# An Hour At The Markets



## Alexus (Apr 9, 2003)

I have a few chronos in my collection but have yet to see a Bulova during

my walks around the market streets in Seoul.

That is until this morning when my favorite second hand dealer eagerly thrust this

one in front of me knowing that I am a Bulova enthusiast.

Here I am with Mr Park outside his 'hole in the wall shop' with his glass box of goodies after completing the deal.























































For a watch this old, and in excellent condition I didnt hesitate to jump on it and get it on my wrist.

It is a beauty as you can see.


----------



## NickD (Sep 6, 2007)

Alexus, I always look forward to your, 'an hour at the markets' posts and this is no exception. Great watch and interesting pictures - perhaps a few more 'at point of purchase'* shots in the future?

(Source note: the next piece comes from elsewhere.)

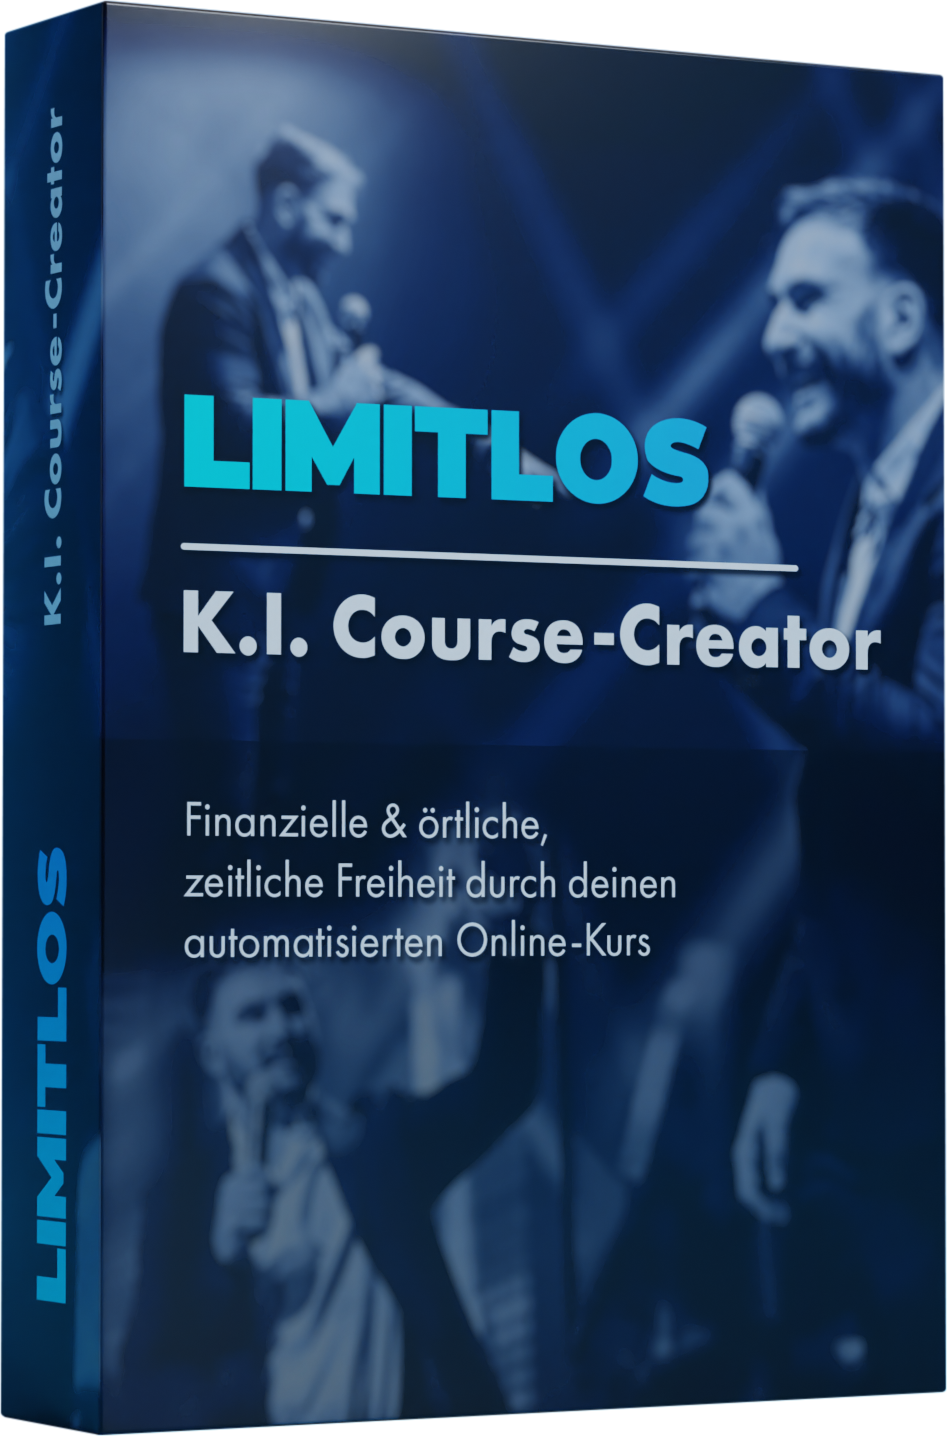 K.I. CourseCreator

*pictures of the H Samuels in Bromley High Street can stay in the album


----------



## mel (Dec 6, 2006)

NickD said:


> Alexus, I always look forward to your, 'an hour at the markets' posts and this is no exception. Great watch and interesting pictures - perhaps a few more 'at point of purchase'* shots in the future?
> 
> *
> *pictures of the H Samuels in Bromley High Street can stay in the album*


What, you mena Mr Ratner doesn't want to be on the Watch Forum with you? :lol:

Alexus, you are BAD! really BAD, Mrs Mel won't let me buy a weekend return to your part of the world to buy a watch (or three). Another *VERY* nice bargain I would guess. :yes:

(notice the "Charles Bronson" look Guys! :lol: )


----------



## johnbaz (Jan 30, 2005)

ooooh- what a beaut!!!

love the case shape and the crispness of the dial :thumbsup: :thumbsup:

is the movement made by bulova?..

nice catch there Alex B)

regards, john


----------